Another side of the U.S. Army Special Forces mission is the conduct of foreign internal defense, where a host government requests the Special Forces to come in to help raise the capability of its own forces.

“What foreign internal defense and unconventional warfare have in common is that there is a partner force involved; a non-U.S. force that is at a certain skill level that we are going to try and make better,” Trimble said.

For the Special Forces soldiers, this culmination began the night of Aug. 2 with ODA 2324 conducting a military free-fall and ODA 2325 conducting airborne static-line jumps in order to “infiltrate” the mock foreign country in the forests of northern North Carolina and southern Virginia. From there, the soldiers continued their infiltration by boat, after acknowledging that if the units had more than three days to complete the training, they would have taken the time to live in the country, identify target sites, further build trust and understanding with their partner guerilla force and send reports up to their higher headquarters.

As the mission continued into the guerrilla force’s tactical movements and actions on their objectives, the cadets within the guerrilla force got some hands-on experience rehearsing important tactical skills, including basic squad- and platoon-level combat and close-quarter battle operations as well as first aid, enemy prisoner-of-war searches and advanced intelligence techniques like target exploitation.

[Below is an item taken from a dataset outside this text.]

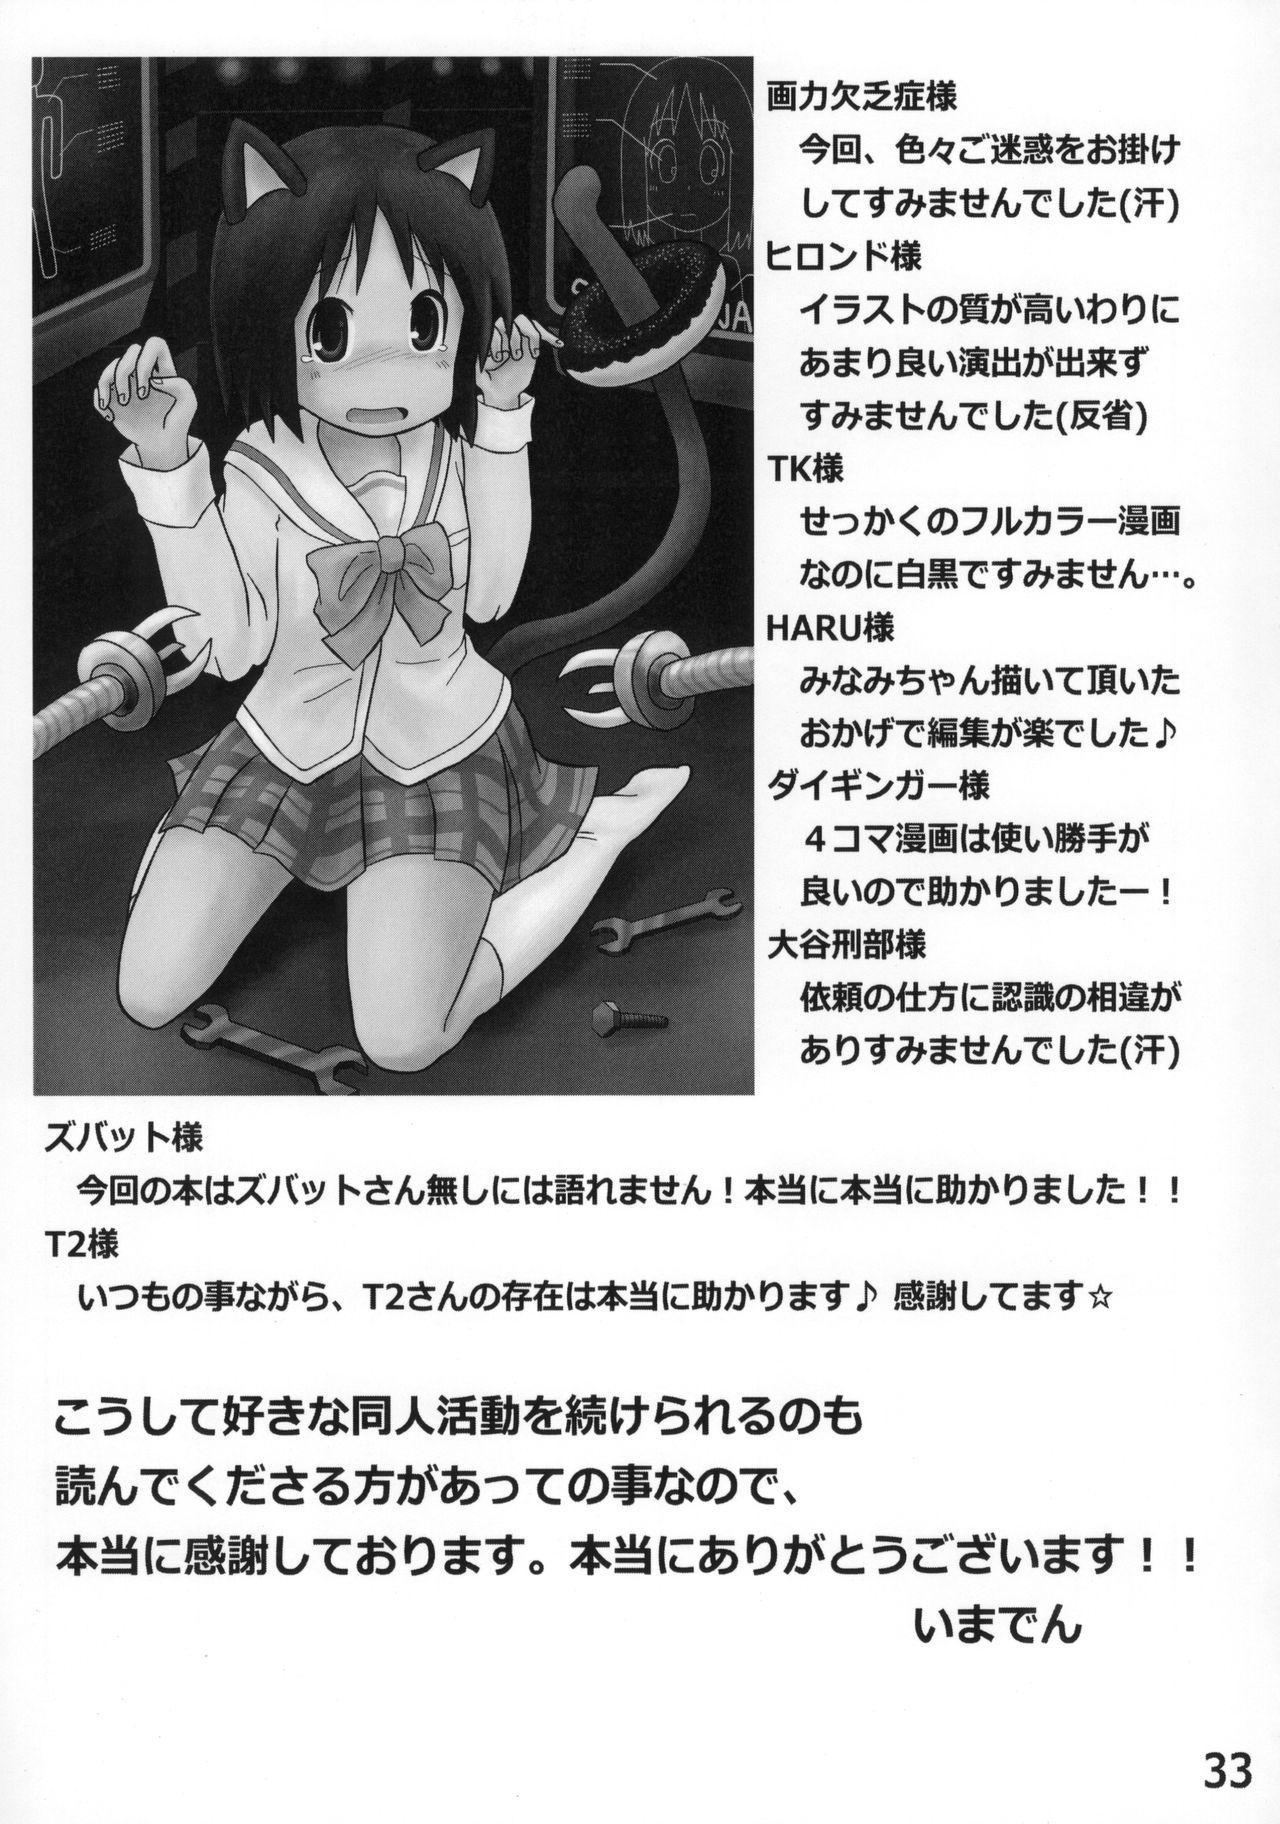 Lucky-jou Pantsu Hunter Vol. 2 31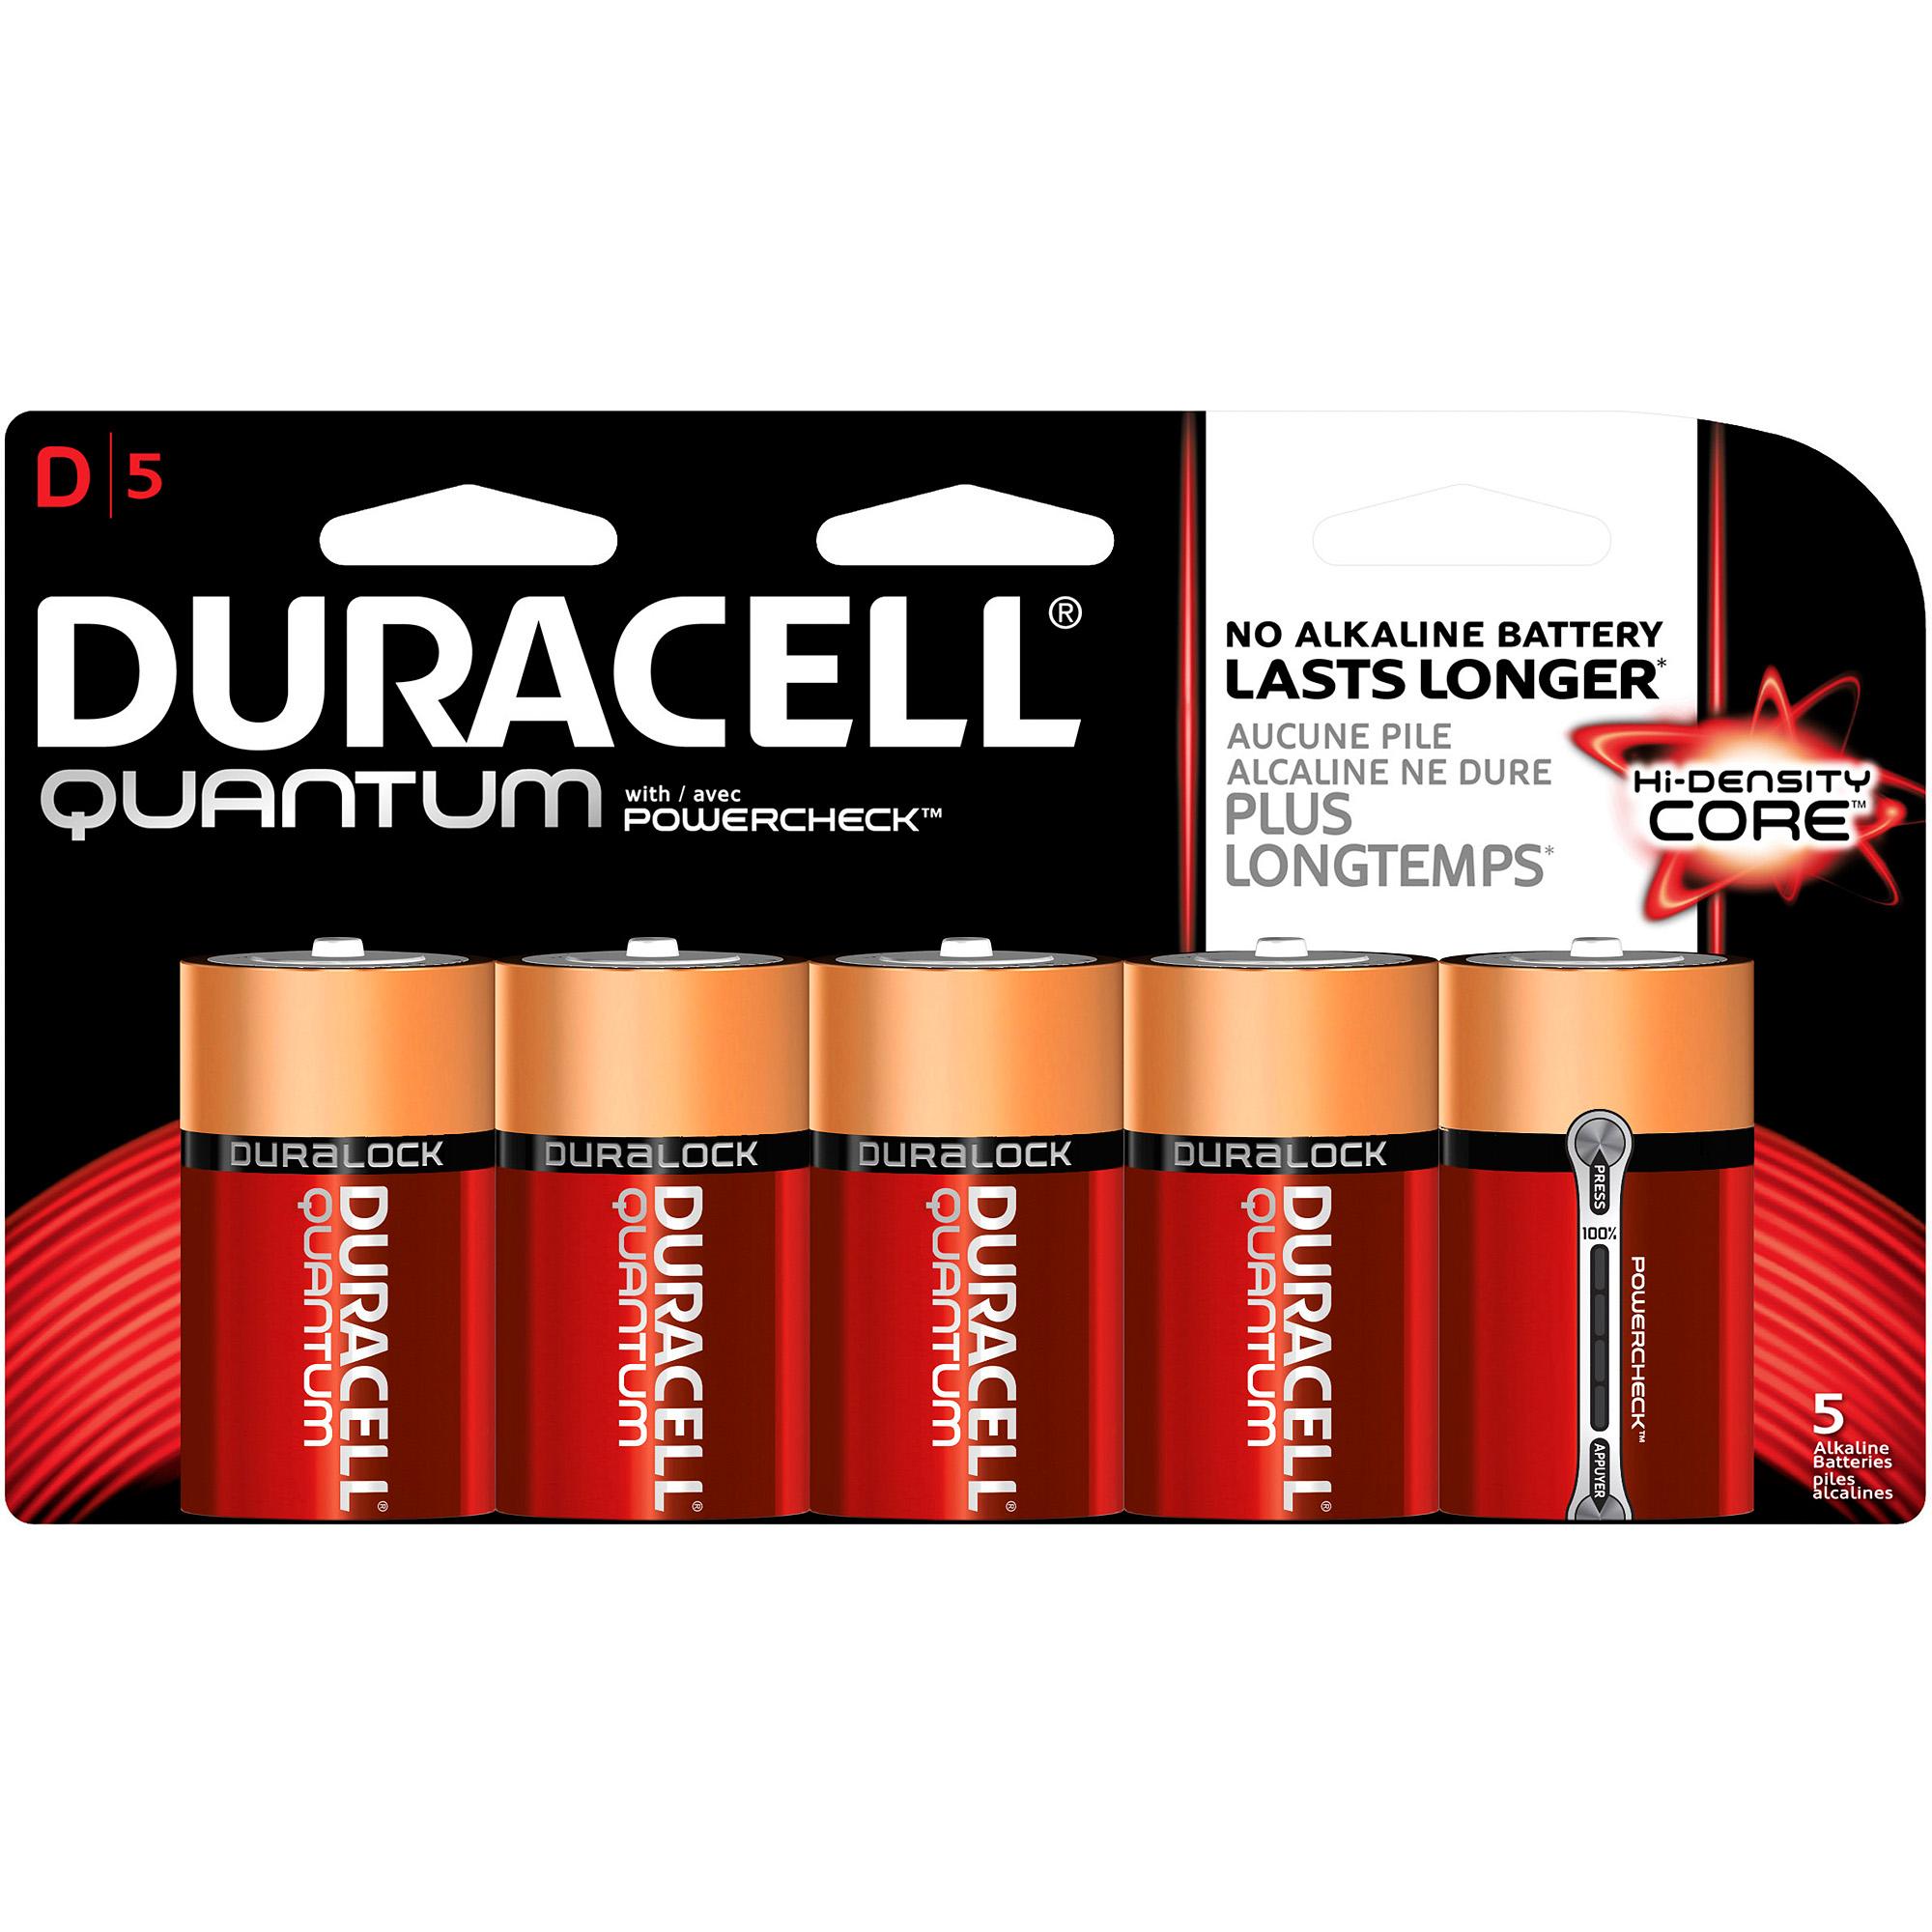 Duracell Quantum Batteries C or D 5 pack $1.49 + tax   YMMV  Walgreens

An additional core mission for North Carolina National Guard Special Forces units is that of providing defense support to civil authorities in times of need or crisis such as a natural disaster or civil disturbance. And while Operation Jump Street focused on core Special Forces missions that can only be conducted in foreign environments, the ODAs’ soldiers said any training event is an opportunity to sharpen their team’s movement and communication skills.

The cadets – who cannot be considered to join the Army’s Special Forces Regiment until they’ve served a few years as lieutenants in another Army branch – also gained some valuable experience that will help them succeed in any military position.

“If we’re working with ROTC cadets, we’re going to train them in small-unit tactics, land navigation, things that they need to know to be successful as cadets to earn their commission,” Trimble said.

“It’s building a good relationship between [the Special Forces and N.C. State ROTC] because the cadets get the opportunity to come out here and learn from the best in the Army,” Sendelbach said.